An elephant is such a -- such a -- well, NOBLE beast,
isn't he?

It's transmigration of souls makes them that way,
perhaps.

Oh is it a Rajah?

Anyhow, it sits on top of an elephant.

We took up transmigration of souls one time --
our little Group of Serious Thinkers, you know --
and it's wonderful; simply WONDERFUL!

That was when the Swami Brandranath used to
talk to us. The dear Swami! Such eyes -- so pure
and yet so magnetic! -- I have never seen in a human
being.

The eye is the window of the soul, you know.

He's in jail now, the poor, dear Swami. But he
wasn't really a bigamist at all. You see, he had
seven spiritual planes. All of us do, only most of
us don't know it. But he could get from one plane
to another quite easily.

Of course, he couldn't remember what he'd done
on one plane while he was on the next one above
or below it. And that's the way he happened to
have seven wives -- one for each spiritual plane.

Only the Court took a sordid view of it. It seems
there was something about life insurance mixed
up with it, too.

The Occidentals are so apt to miss the spiritual
sweetness of the Oriental, don't you think?

We are -- all but the Leaders of Thought, and a
little group, here and there -- so commonplace.

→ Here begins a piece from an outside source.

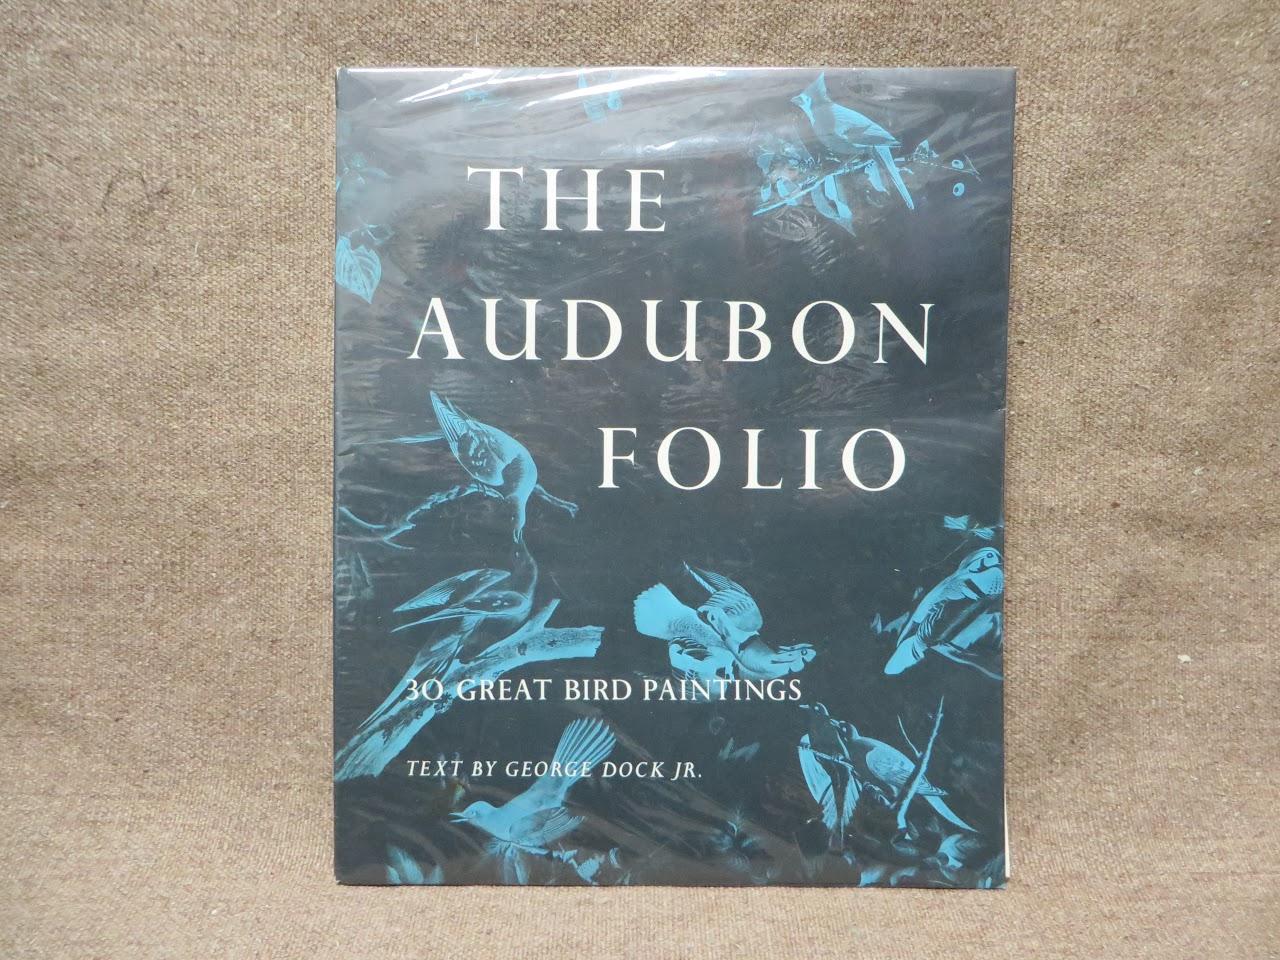 The Audubon Folio of Prints

Don't you LOATHE the commonplace?

Not loathe, really, of course -- because the harmonious
mind does not let itself be disturbed.

The harmonious mind realizes that dirt is only
useful matter in the wrong place, as Tennyson sings
so sweetly somewhere.

Tennyson has quite gone out, of course. He is
so -- so, well, if you get what I mean -- so mid-
Victorian, somehow.

It seems he WAS mid-Victorian all the time, but
it's only recently that it's been found out on him.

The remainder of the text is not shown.